🤖 AI Summary
Graph-level clustering faces two core challenges: structural noise interference and representation distortion caused by cumulative noise during feature propagation. To address these, we propose a dual-driven collaborative optimization framework featuring a novel “representation learning–interference identification” joint boosting mechanism. First, we design a learnable global feature transformation matrix coupled with a similarity-guided adaptive interference suppression strategy to mitigate noise aggregation during pooling. Second, we introduce a multi-view similarity modeling module integrated with weighted graph pooling to enhance clustering discriminability. Implemented as an end-to-end trainable Graph Neural Network (GNN), our method achieves state-of-the-art performance across six benchmark datasets, consistently outperforming existing approaches in both clustering accuracy and robustness against structural noise.
📝 Abstract
Graph-level clustering remains a pivotal yet formidable challenge in graph learning.

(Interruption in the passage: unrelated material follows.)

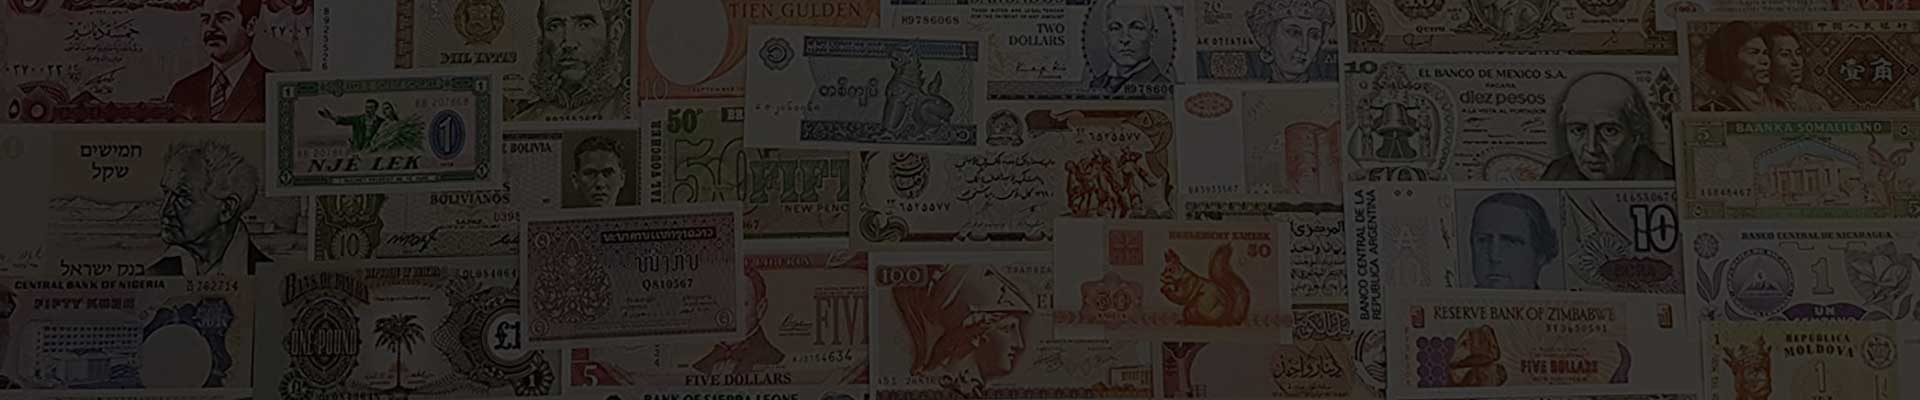 20,000 Banknote Gallery Images: A Monumental Milestone
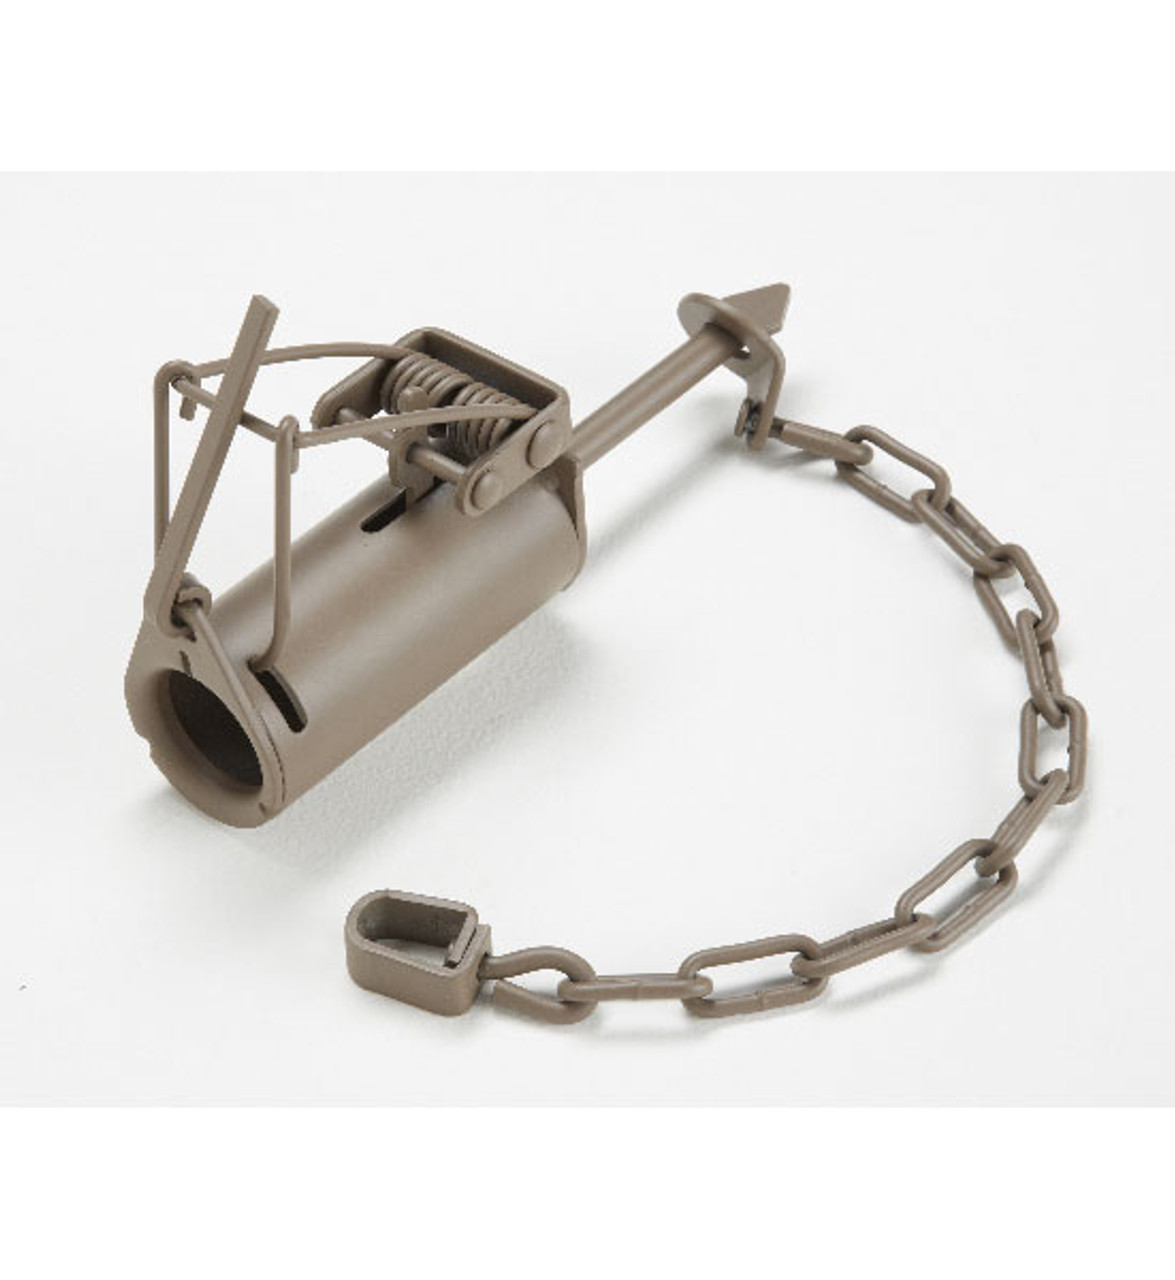 Duke Dog Proof Raccoon Trap - DP Traps - Great for Nuisance Coons - 12 Traps

Recently, the integration of deep learning with representation learning has demonstrated notable advancements, yielding performance enhancements to a certain degree. However, existing methods suffer from at least one of the following issues: 1. the original graph structure has noise, and 2. during feature propagation and pooling processes, noise is gradually aggregated into the graph-level embeddings through information propagation. Consequently, these two limitations mask clustering-friendly information, leading to suboptimal graph-level clustering performance. To this end, we propose a novel Dual Boost-Driven Graph-Level Clustering Network (DBGCN) to alternately promote graph-level clustering and filtering out interference information in a unified framework. Specifically, in the pooling step, we evaluate the contribution of features at the global and optimize them using a learnable transformation matrix to obtain high-quality graph-level representation, such that the model's reasoning capability can be improved. Moreover, to enable reliable graph-level clustering, we first identify and suppress information detrimental to clustering by evaluating similarities between graph-level representations, providing more accurate guidance for multi-view fusion. Extensive experiments demonstrated that DBGCN outperforms the state-of-the-art graph-level clustering methods on six benchmark datasets.